Distance And Documents At The Spanish Empire S Periphery written by Sylvia Sellers-García and has been published by Stanford University Press this book supported file pdf, txt, epub, kindle and other format this book has been release on 2013-12-11 with History categories.


The Spanish Empire is famous for being, at its height, the realm upon which "the sun never set." It stretched from the Philippines to Europe by way of the Americas. And yet we know relatively little about how Spain managed to move that crucial currency of governance—paper—over such enormous distances.

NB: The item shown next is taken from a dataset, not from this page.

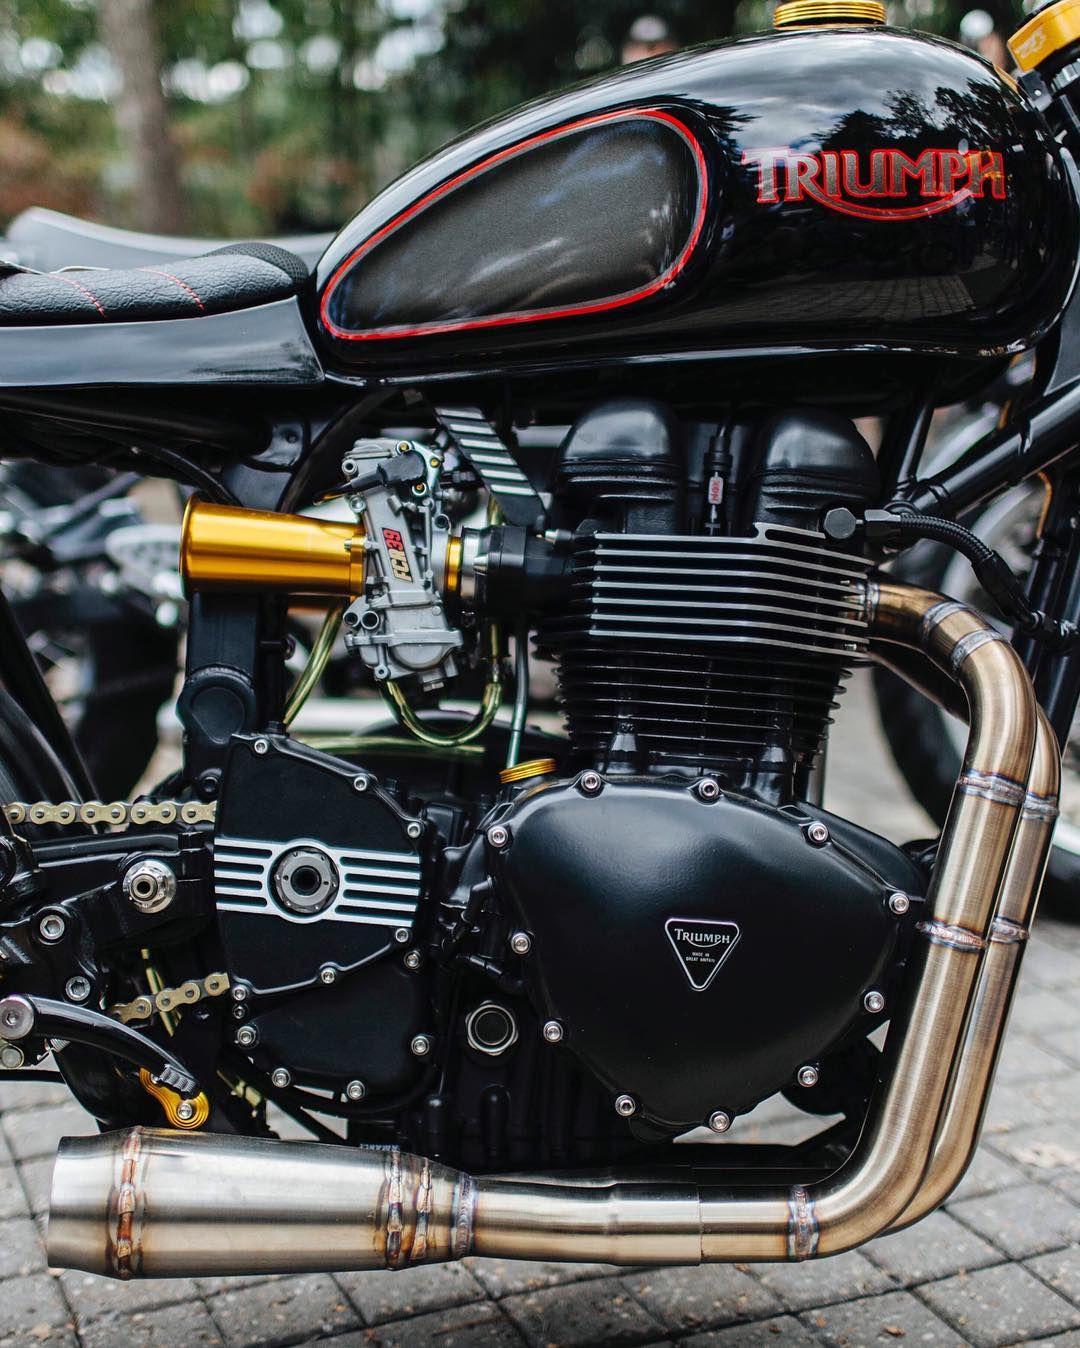 Triumph Bonneville Pre 2016 Engine Kehin Fcr Carburator Rear
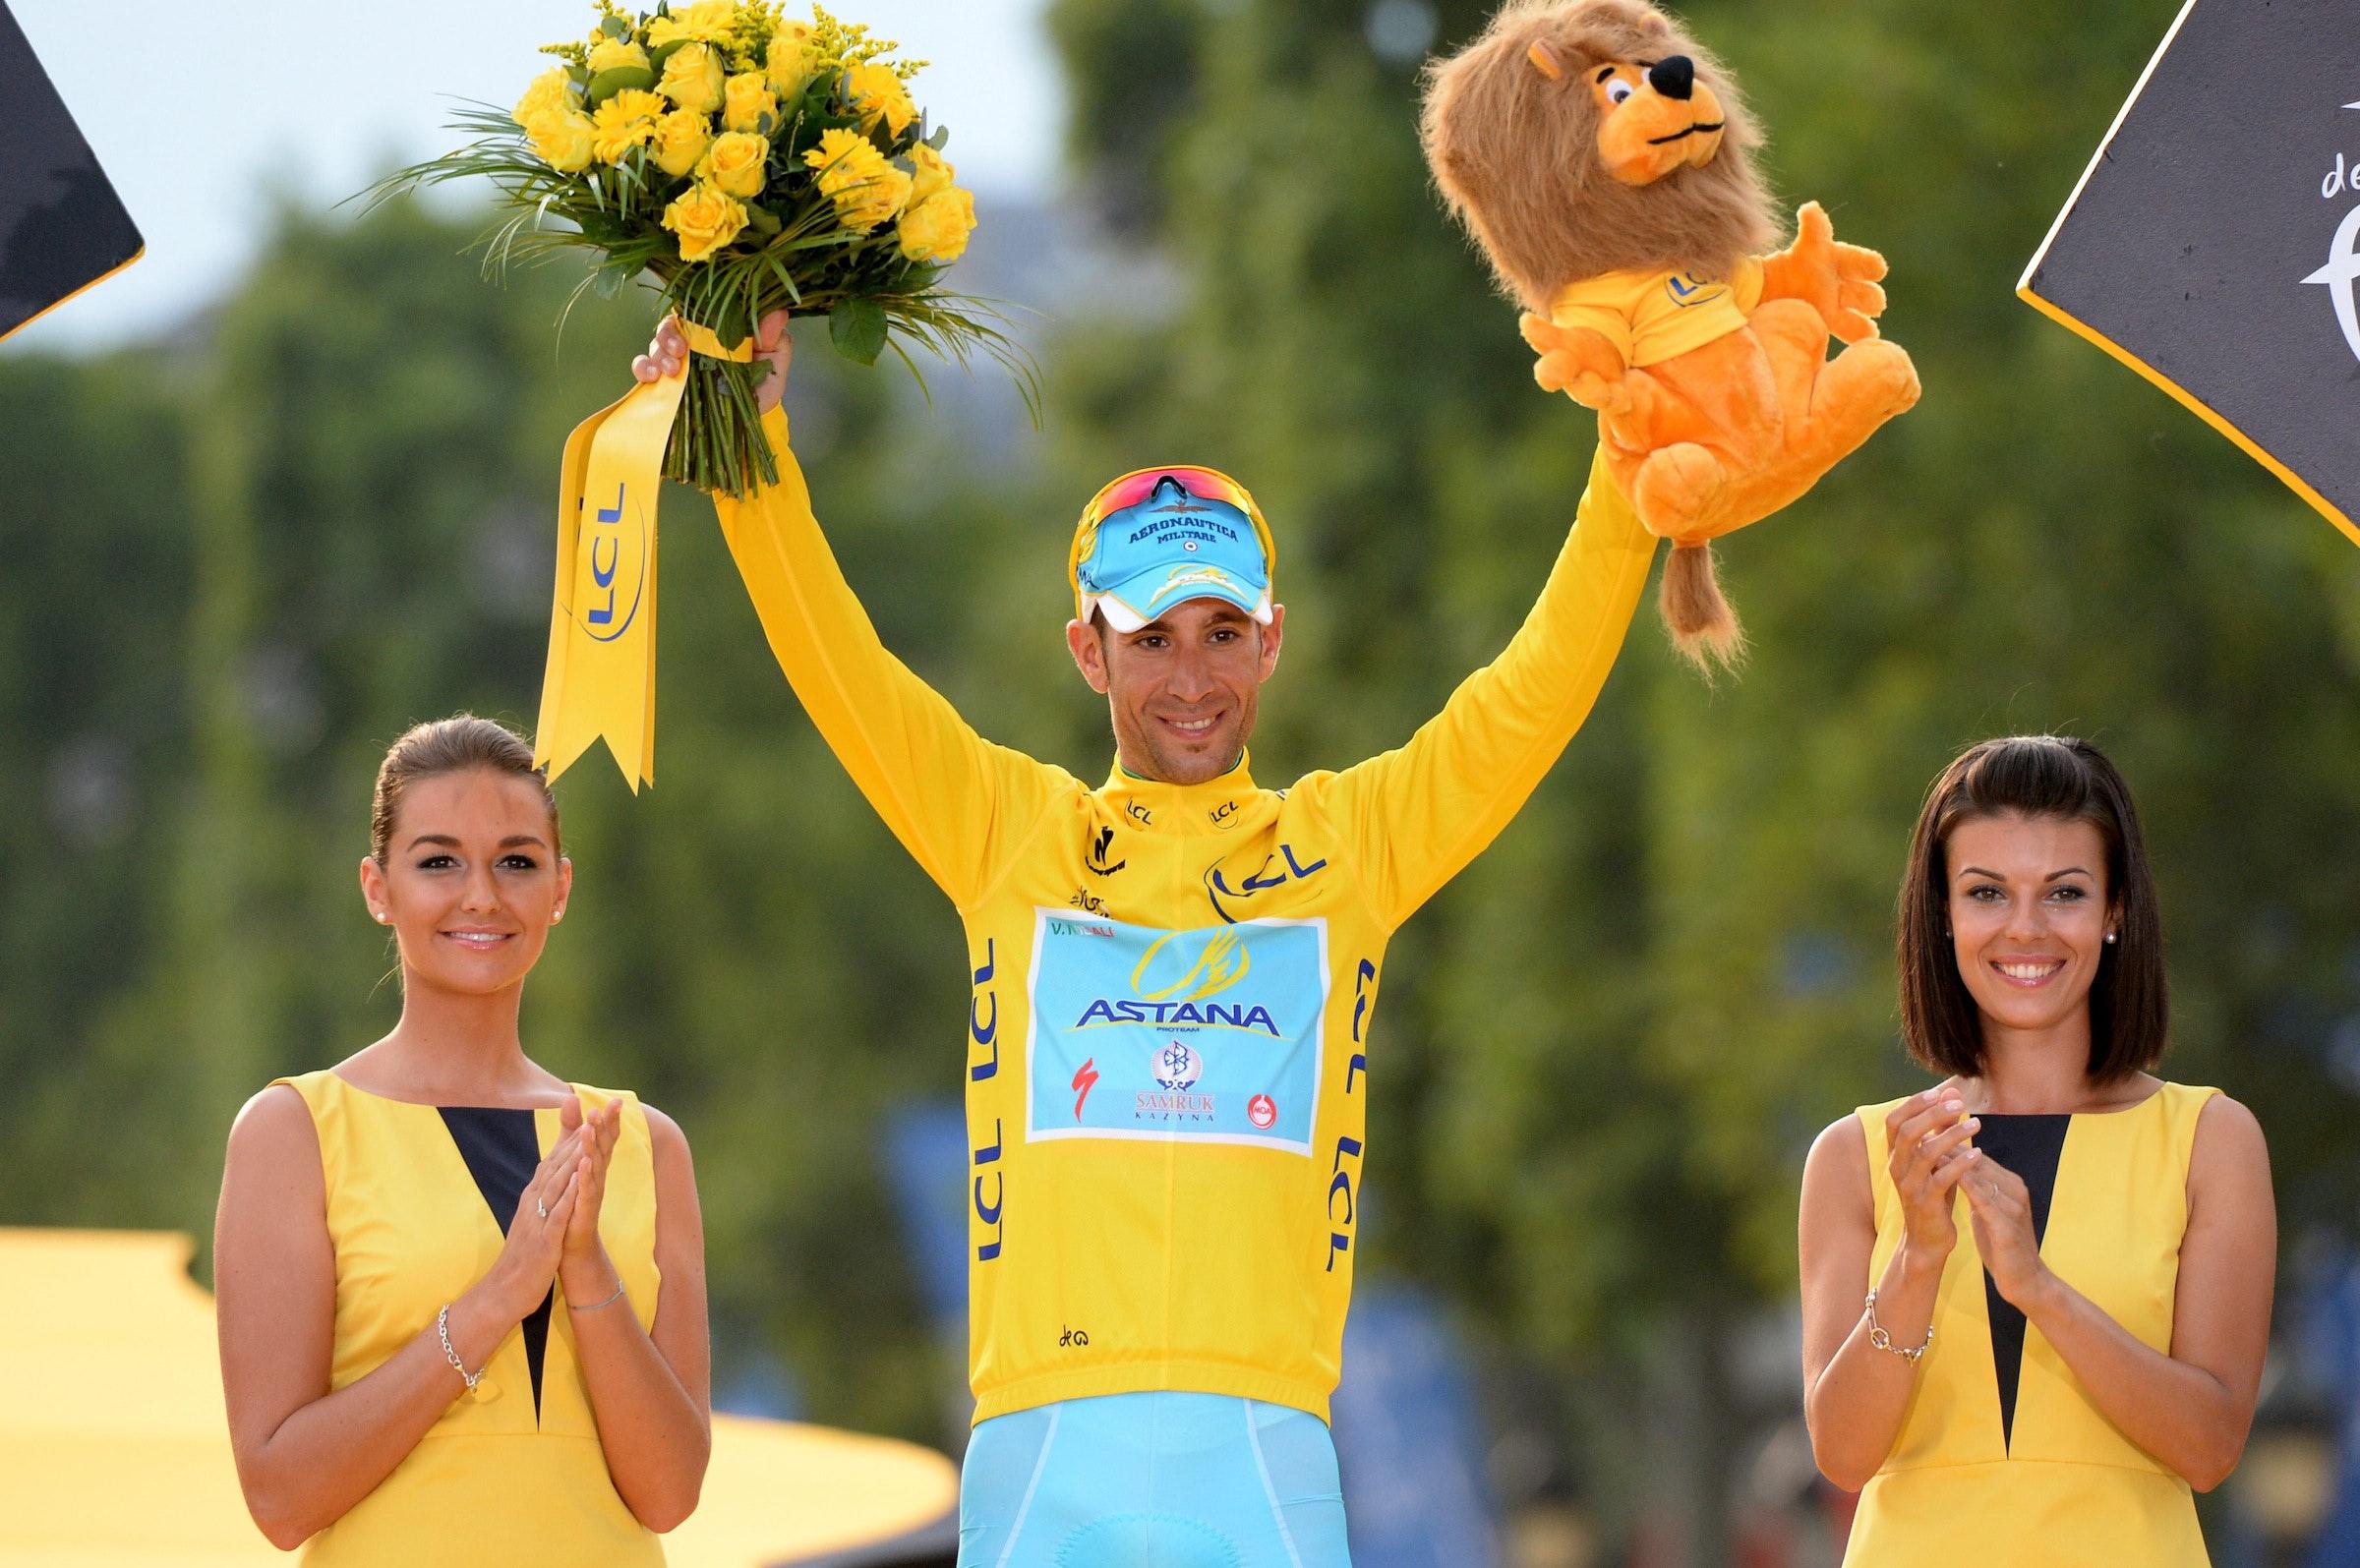 Vincenzo Nibali, Tour de France 2014, stage 21, podium, Paris, pic: ©Sirotti

Moreover, we know even less about how those distances were perceived and understood by people living in the empire. This book takes up these unknowns and proposes that by examining how documents operated in the Spanish empire, we can better understand how the empire was built and, most importantly, how knowledge was created. The author argues that even in such a vast realm, knowledge was built locally by people who existed at the peripheries of empire. Organized along routes and centralized into local nodes, peripheral knowledge accumulated in regional centers before moving on to the heart of the empire in Spain. The study takes the Kingdom of Guatemala as its departure point and examines the related aspects of documents and distance in three sections: part one looks at document genre, and how the creation of documents was shaped by distance; part two looks at the movement of documents and the workings of the mail system; part three looks at document storage and how archives played an essential part in the flow of paper.